TOP ABSTRACT INTRODUCTION MATERIALS AND METHODS RESULTS DISCUSSION REFERENCES

 
Plasmids and transgenic lines
The luciferase reporter (E/GRE)₆TK81LUC consists of multimeric E/GRE binding sites from (E/GRE)₄ MTVLuc (12) linked to the minimal TK promoter in the pA₃LUC reporter plasmid (13) . The modified MMTV promoter from MMTVp206 (14 , 15) that incorporates the 5'UTR of v-Ha-ras was inserted into a vector containing a modified ecdysone receptor VgEcR (a gift from Dr. R. Evans) to form MMTV-VgEcR. The ß-galactosidase cDNA, a derivative of pPD16.51, with a eukaryotic polyadenylation site (16) (a gift from Dr. A. Fire), was inserted into the EcR target plasmid (E/GRE)₃MTV (from Dr.

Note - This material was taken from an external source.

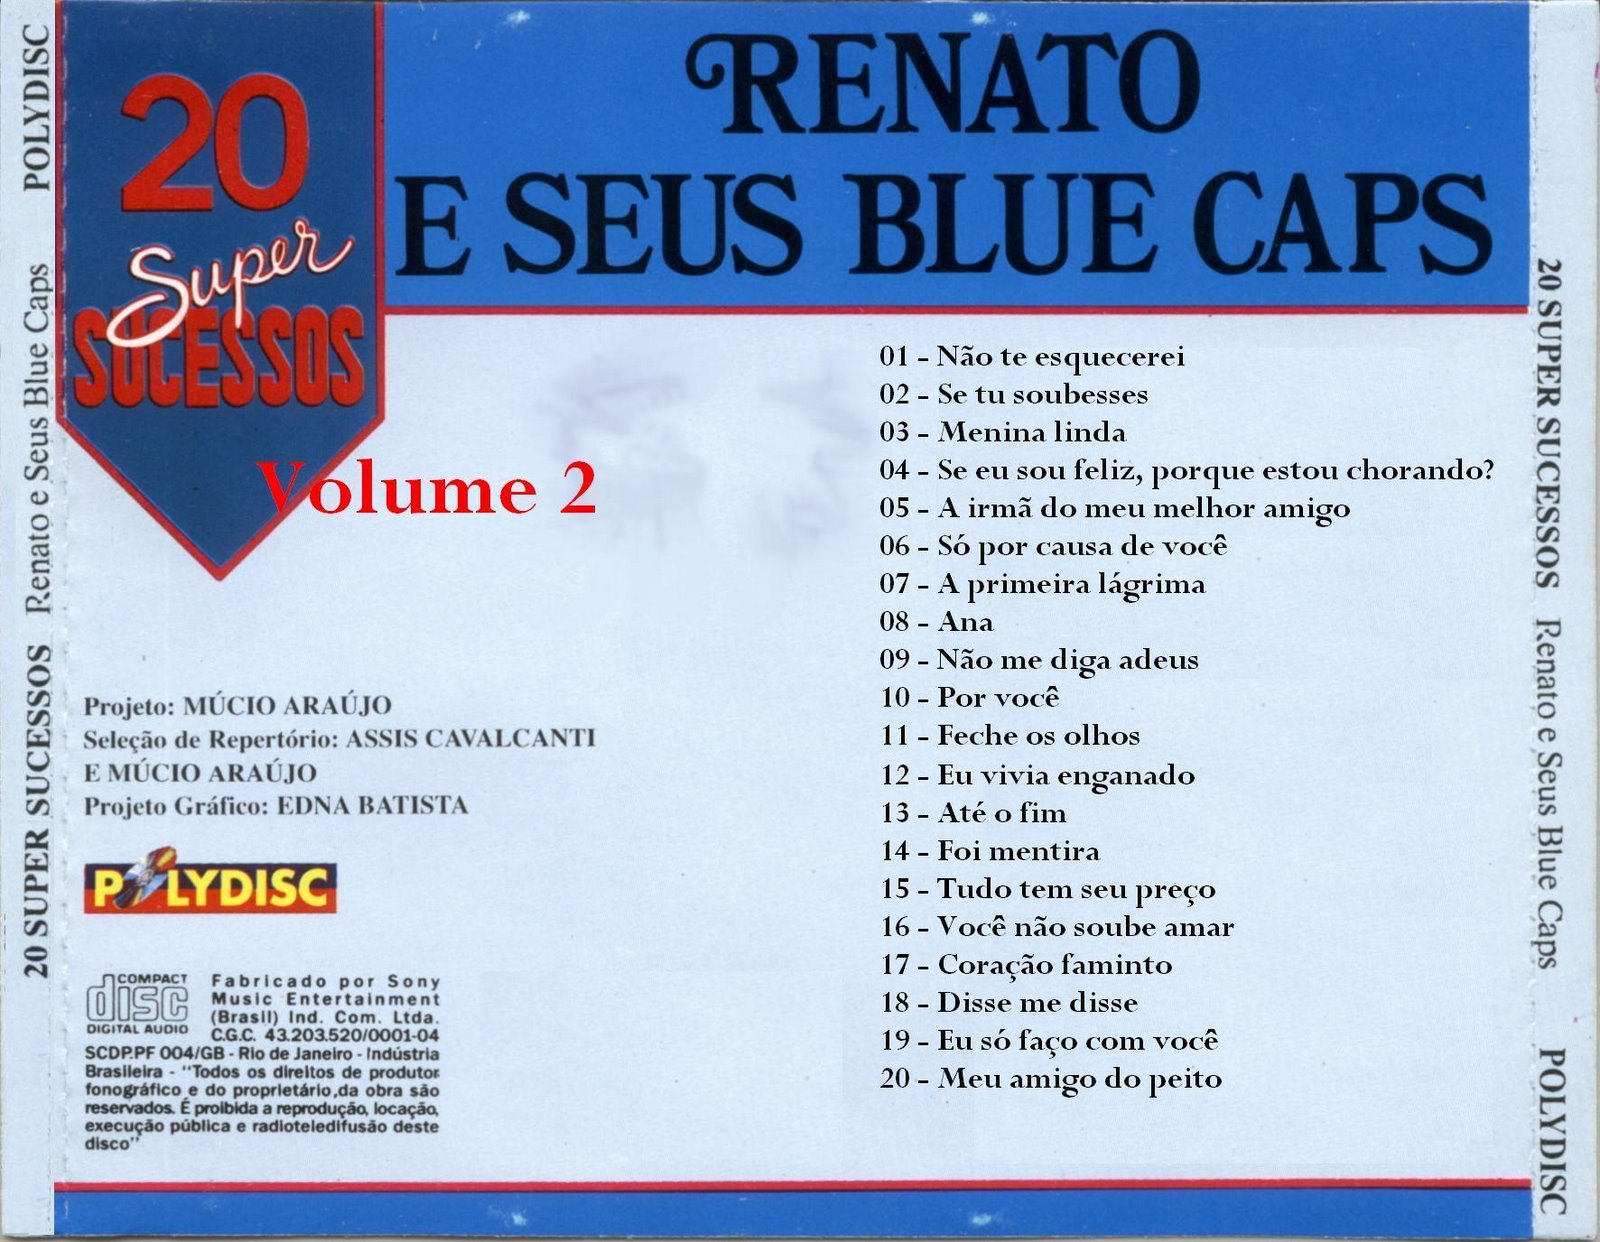 [Renato+E+Seus+Blue+Caps+-+20+Super+Sucessos-2+-+trás.JPG]

R. Evans). DNA constructions were prepared and injected into CBA/C57Bl6 fertilized eggs. The MMTV-VgEcR and CMV-RXR constructions were coinjected. Genotyping was performed by genomic Southern blot analysis. Transgenic lines were bred into the FVB genetic strain of mice for at least four generations. The reporter line (E/GRE)₃ß-Gal was bred to the receptor line and the presence of the three transgenes was confirmed by genomic Southern analysis. In addition, a distinct plasmid, pVgRXR, was obtained from InVitrogen (Carlsbad, Calif.) and used in cell culture experiments as indicated in the text.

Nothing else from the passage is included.